_Work task_.
The listing below holds pictures; exclude them. Return exactly the lines from the one with "View 2020: MEC20" through the one with "Wedding at Borris".

_Supplied data_.

....

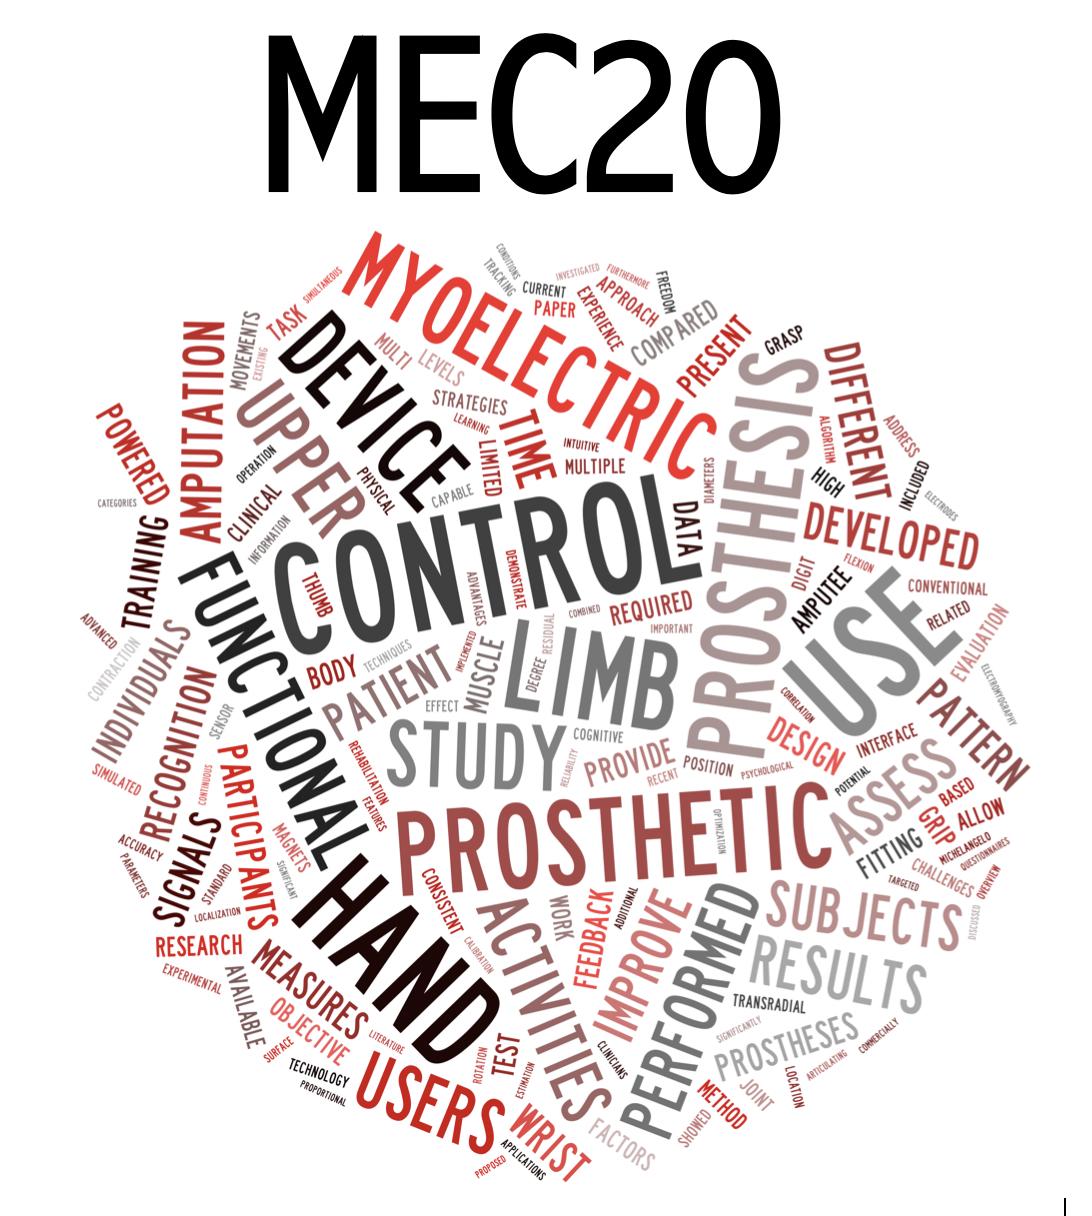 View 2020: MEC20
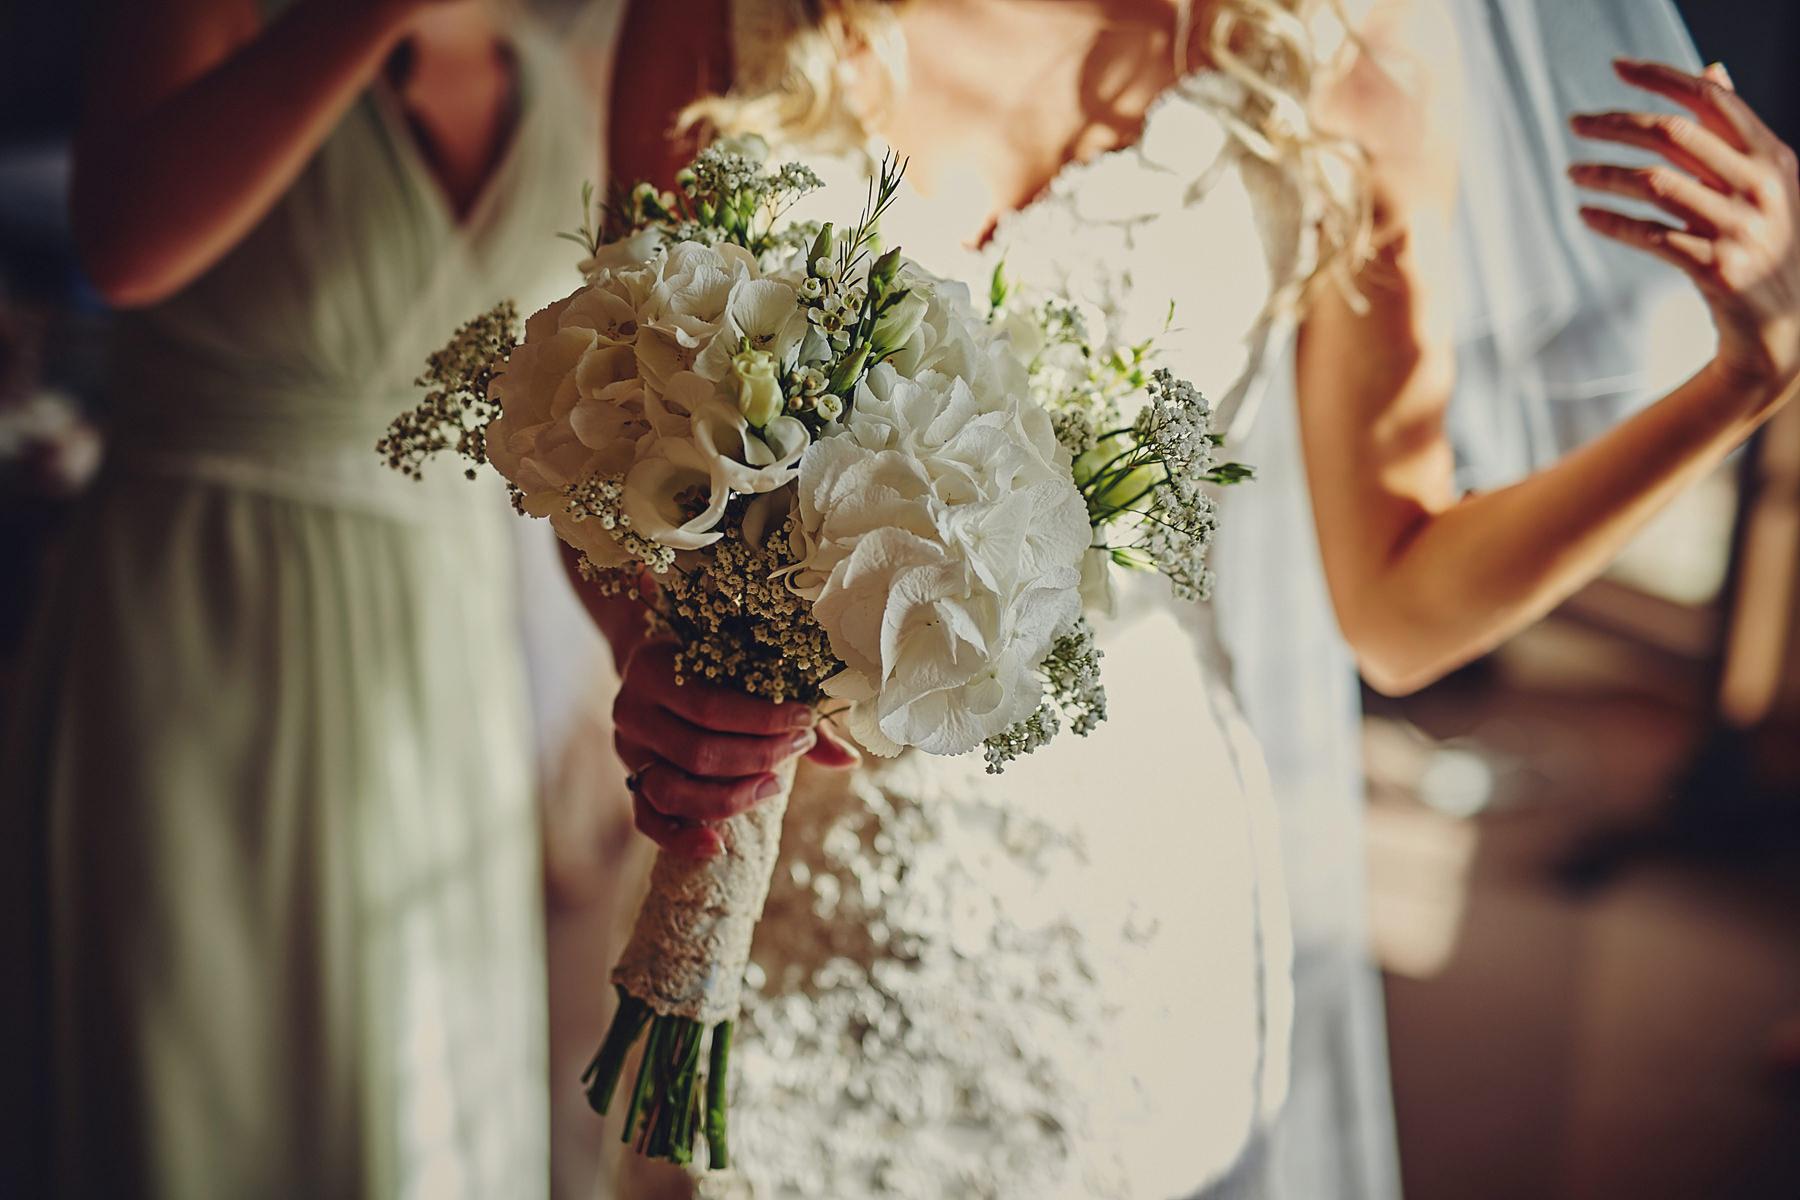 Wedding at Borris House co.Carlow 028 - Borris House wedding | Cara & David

....

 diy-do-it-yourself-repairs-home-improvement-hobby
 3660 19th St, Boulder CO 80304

....

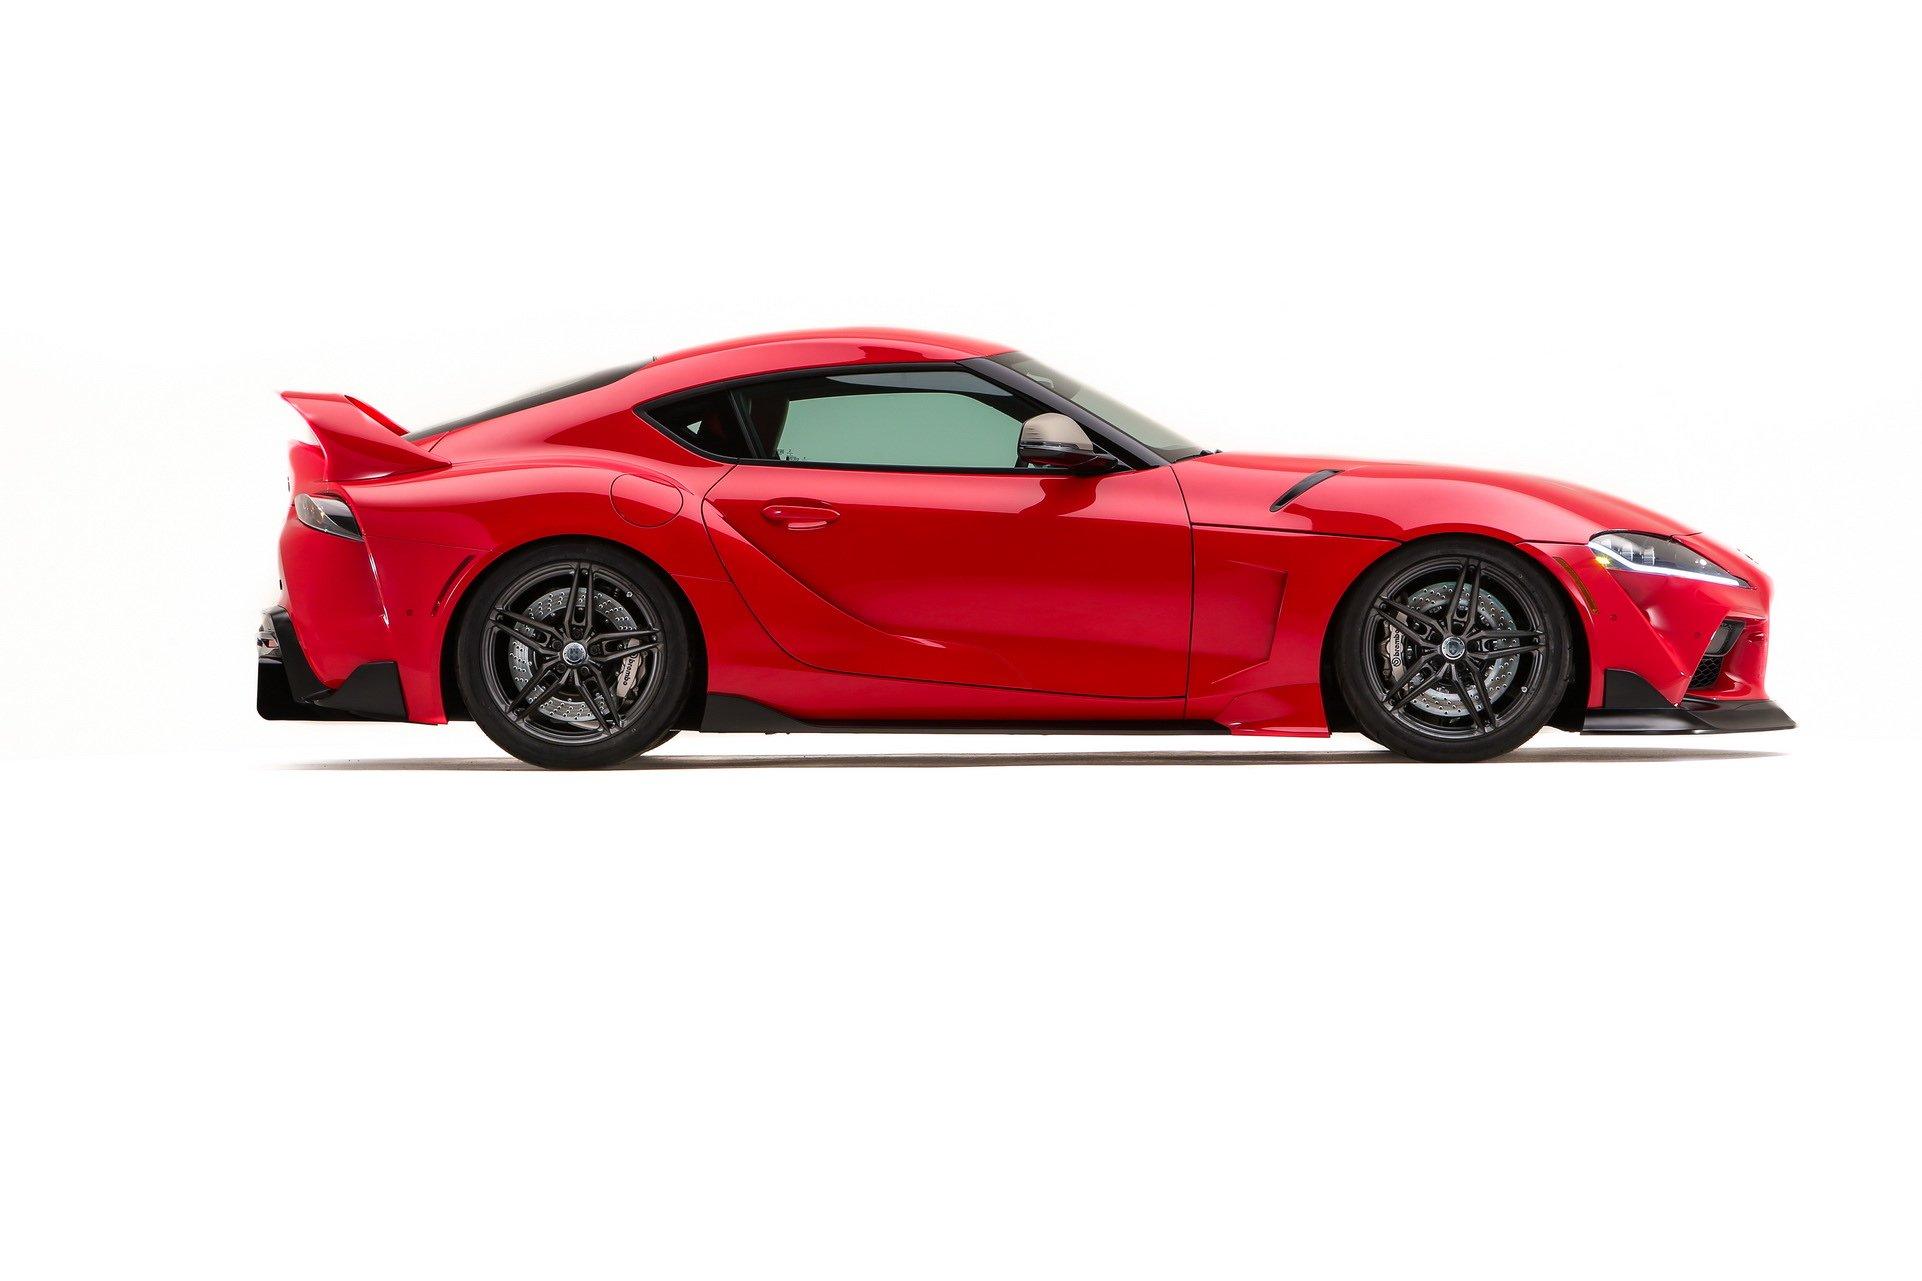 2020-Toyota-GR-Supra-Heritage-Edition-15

....

_Output_.
 View 2020: MEC20
 Wedding at Borris House co.Carlow 028 - Borris House wedding | Cara & David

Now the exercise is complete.